It'll be more virtualised -- if you link paritions (in the final 
DOS), then they will appear to be the same -- you will be able to 
allocate partitions as subdirectories and vice versa. I'm thinking of 
implementing disk images -- you copy a SAM disk in, and tell the DOS 
to map it to drive 1 or drive 2 -- then you can do all the sector 
access as normal :)

>  Cs> I'm considering using the
>  Cs> logical-sector access mode of the IDE drive
>  Cs> to store all stuff -- other people for
>  Cs> other partitions can use the
>  Cs> sector/cylinder/head method if they
>  Cs> want :) This should speed up
>  Cs> access -- you just take the sector
>  Cs> number in the partition, add it to
>  Cs> the logical start of the partition and
>  Cs> read / write... quick 'n' easy :)
> 
> Hey, I missed that! Is that a logical translation feature of the low-level 
> ATA-HD protocol or an interface layer in the host driver software?
> 
> If it's the former it'll simplify the banked-uzi port I have in mind as 
> that's 
> designed around logical sector-sized blocks on a scsi HD:-)

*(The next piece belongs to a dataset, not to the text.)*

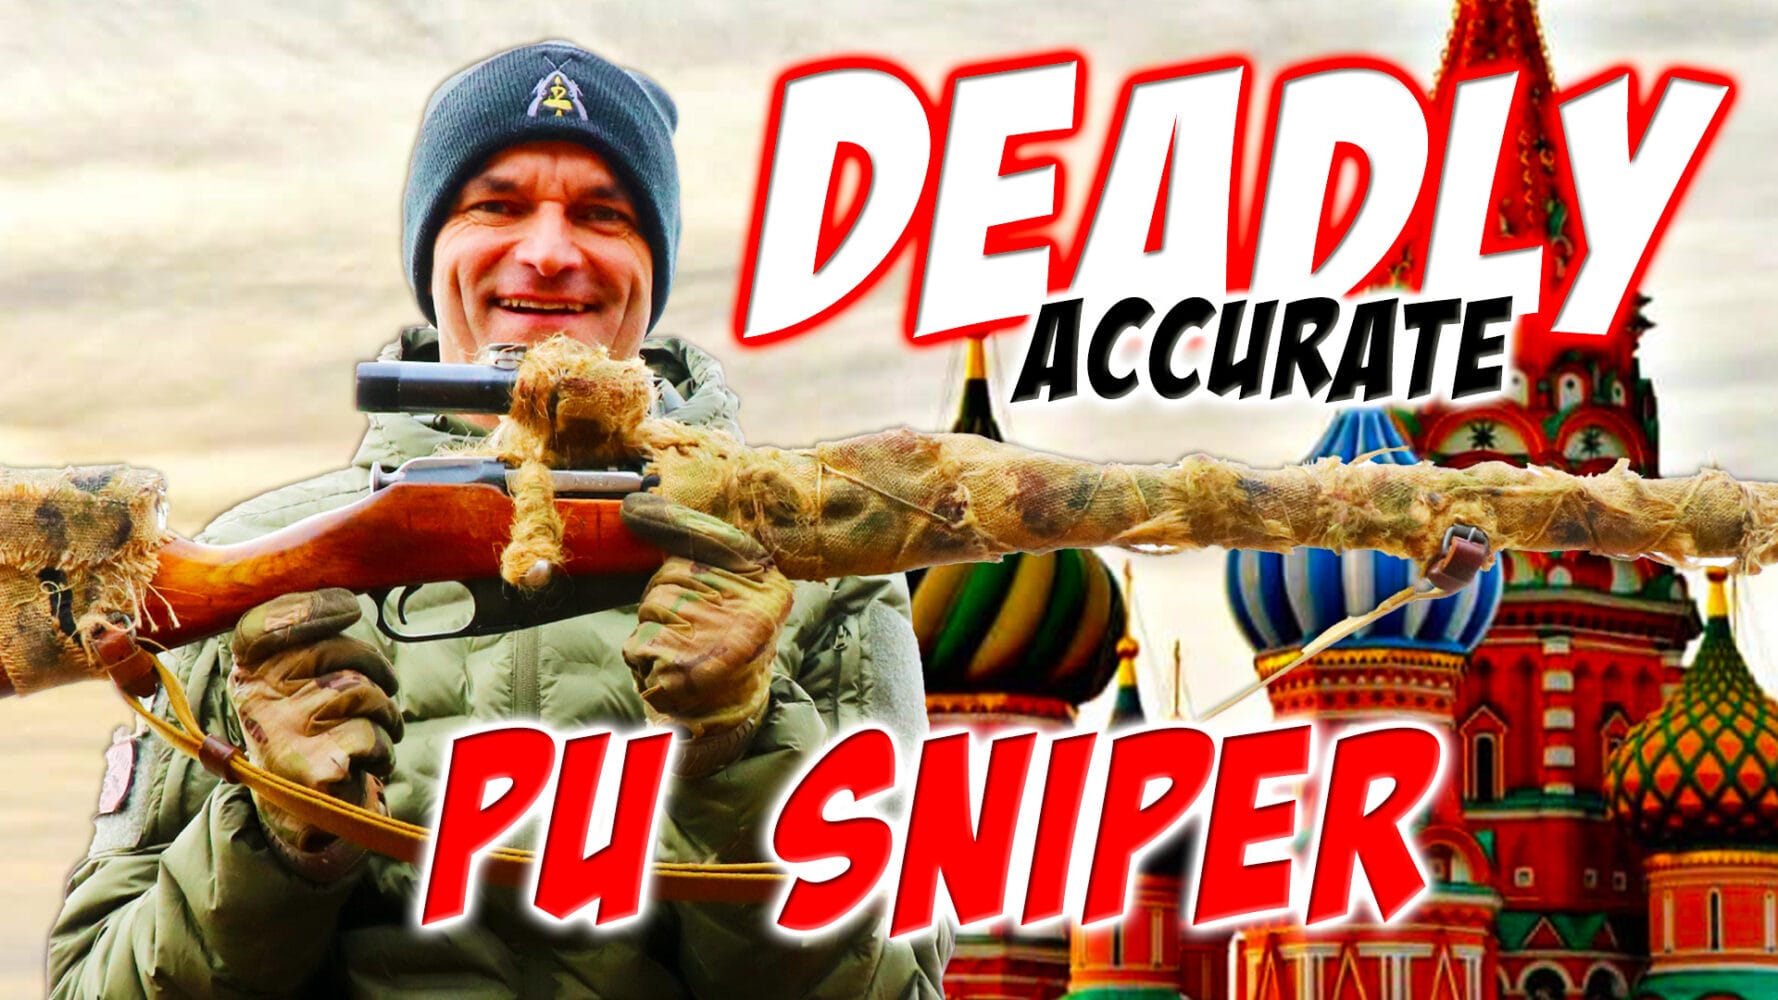 Shots Fired: Deadly Accuracy of the Mosin PU Sniper Rifle! PU Sniper History!

It's the former -- LBA mode, set as part of the features register, 
allows you to use 24bit (I think -- not got the specs in front of me) 
logical sector numbers to address the hard disk. Will make it a *LOT* 
easier, and also will make it a piece of cake to convert to SCSI or 
even to an IDE CD Rom drive using its seconds based address scheme.